Easy to implement proactive customer service strategies to shift away from a reactionary approach.
The year 2020 was a year of reacting to unknowns. Nobody could have predicted just how much the pandemic would affect our businesses and our customers. As we move into a new phase, it is important to shift the focus from being reactive to being proactive. This is especially important in customer service when dealing with our members. Reactive customer service is taking action after an issue or concern occurs. We better serve our members when we work to identify issues and take action before they occur.

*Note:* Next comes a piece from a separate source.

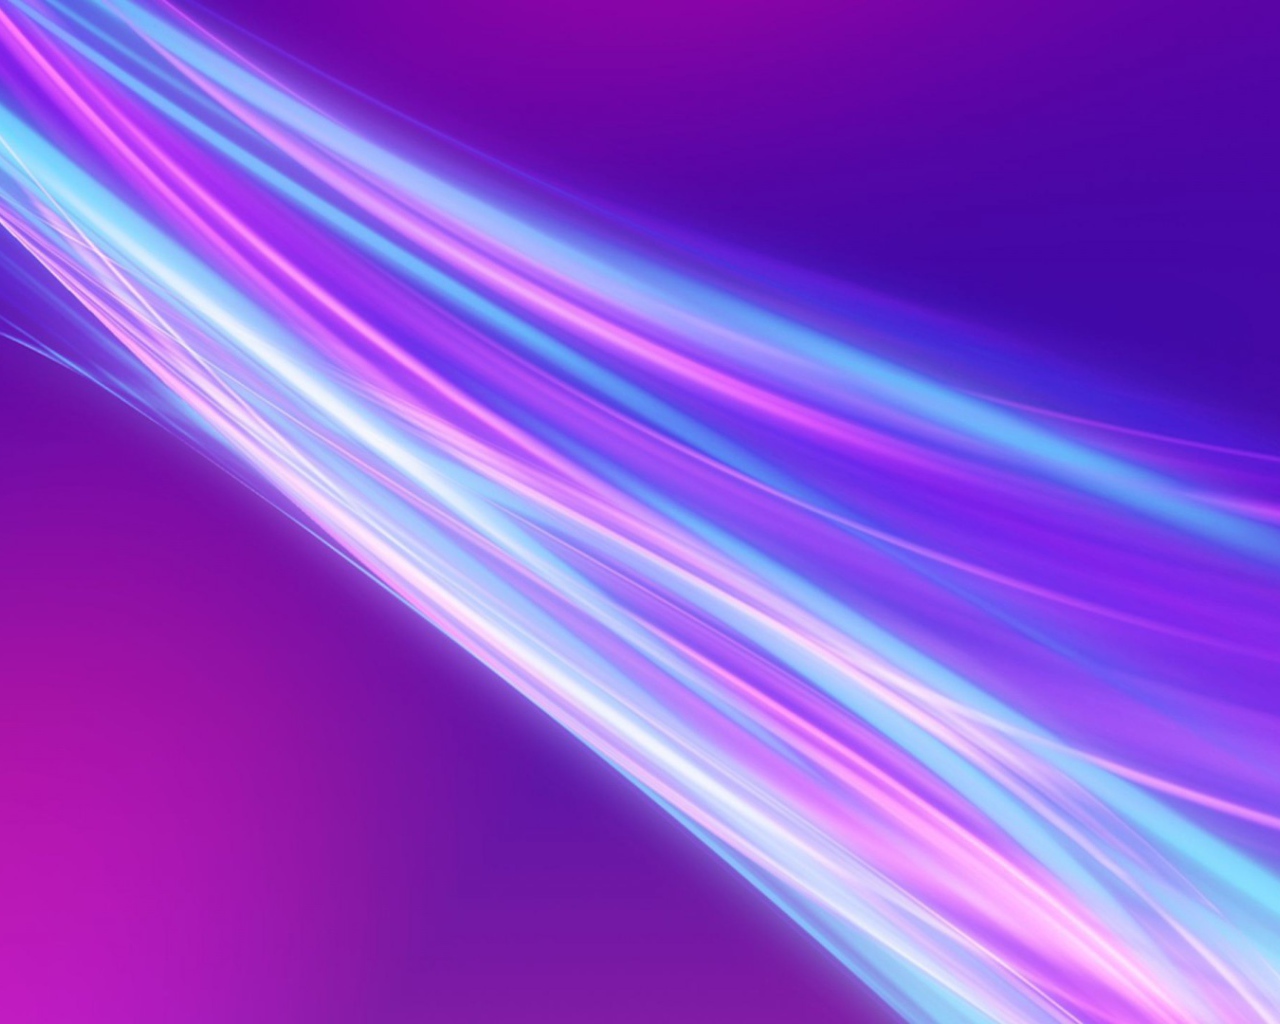 Фиолетовые волны

Being proactive in the way we deal with customers alleviates stress for front line staff, provides a better experience for members, shows strong brand value, and helps to boost retention. Happy customers also generate more referrals. With stress at an all time high for many, creating a less stressful environment is paramount for club and customer health.
Moving away from reactive into a proactive approach requires planning and willingness to find and acknowledge where the member may experience “hiccups.” Here are some proactive customer service strategies that are easy to implement and will get you started in the shift away from a reactionary approach:
Encourage customer feedback.
Gather customer surveys. Use the data you collect to formulate service strategies that actually speak to the customer. Let them know their voices are being heard by reporting on results and providing an action plan to address any concerns.
Answer questions before they are asked.
Does your club website have a Frequently Asked Questions (FAQ) section that puts the member in the driver seat to help themselves? Find out from staff what those FAQs are and address them before members have to ask. Our club chooses to put FAQs on the back of every fitness schedule. Group fitness can be intimidating and we want to equip members with knowledge that makes them feel more comfortable to try new things.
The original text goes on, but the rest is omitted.